◆ Data below
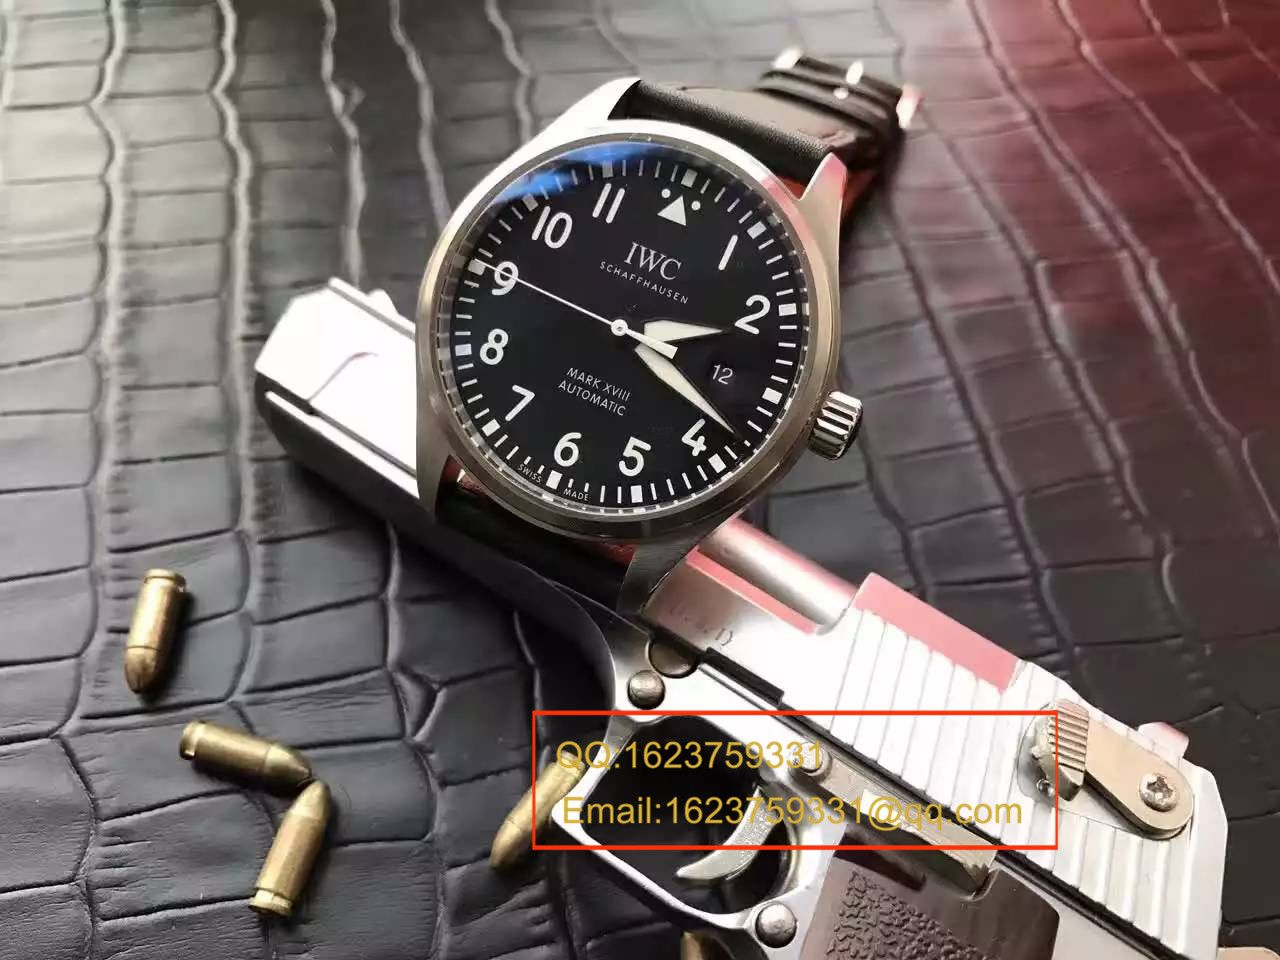 【独家视频测评MK厂超A精仿手表】万国飞行员马克十八飞行员腕表系列 IW327001腕表 / WG246
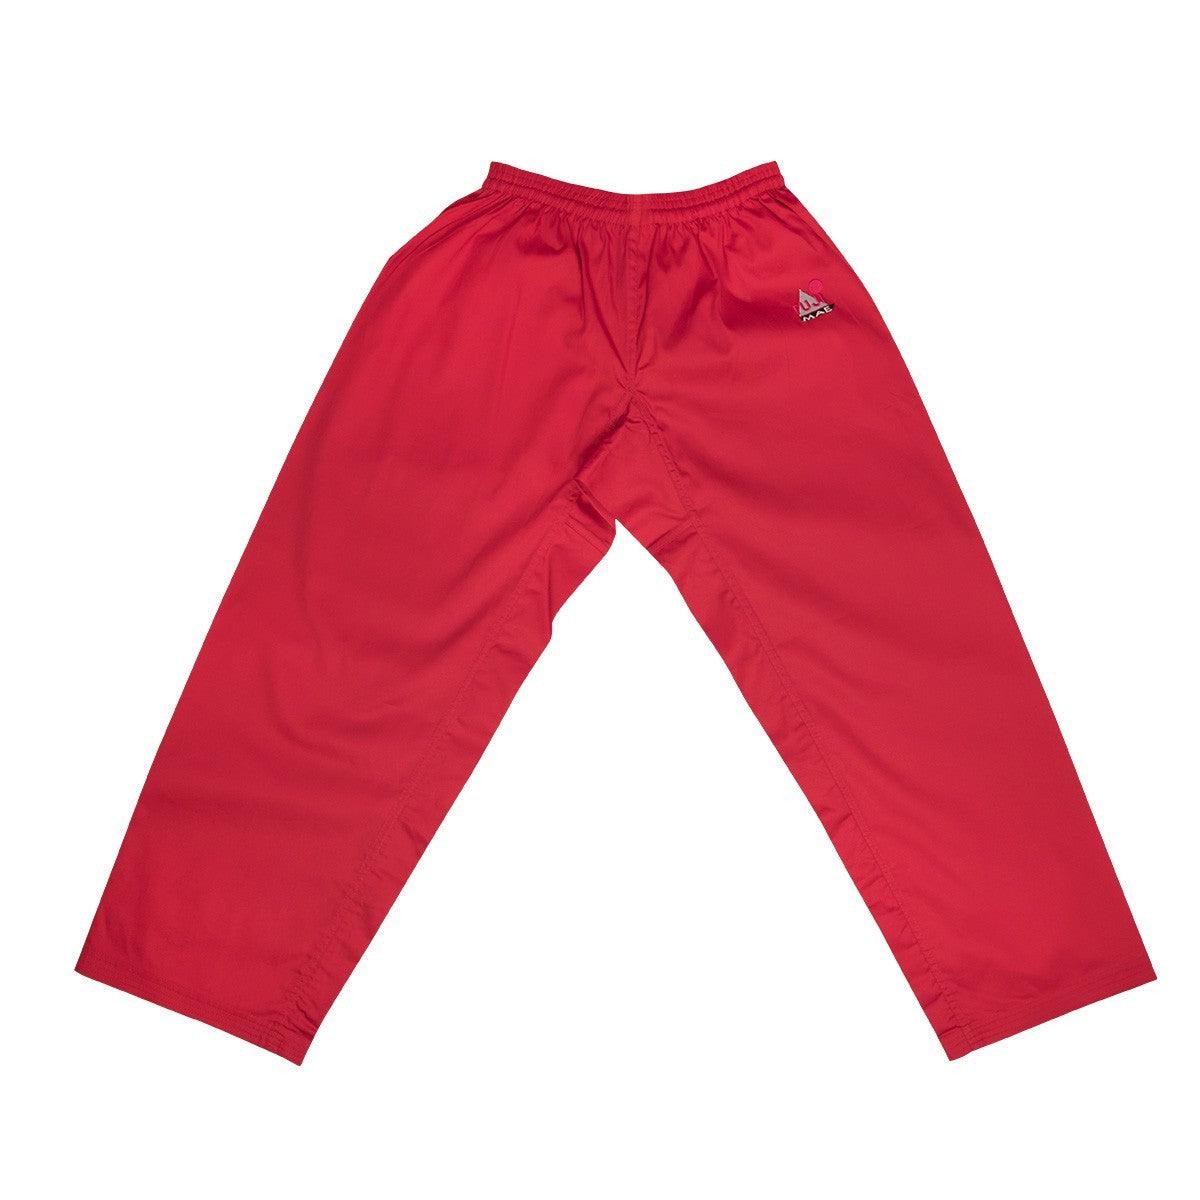 Pantalon de Karate Training Fuji Mae 10015 rouge - Boutique des Arts Martiaux
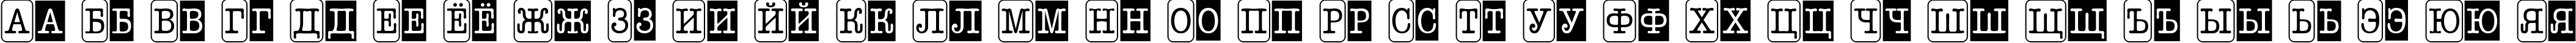 Пример написания русского алфавита шрифтом a_OldTyperNrCmCmb3

◆ Try it
The result should be the full listing, retyped exactly and free of pictures.

◆ Written solution
 【独家视频测评MK厂超A精仿手表】万国飞行员马克十八飞行员腕表系列 IW327001腕表 / WG246
 Pantalon de Karate Training Fuji Mae 10015 rouge - Boutique des Arts Martiaux
 Пример написания русского алфавита шрифтом a_OldTyperNrCmCmb3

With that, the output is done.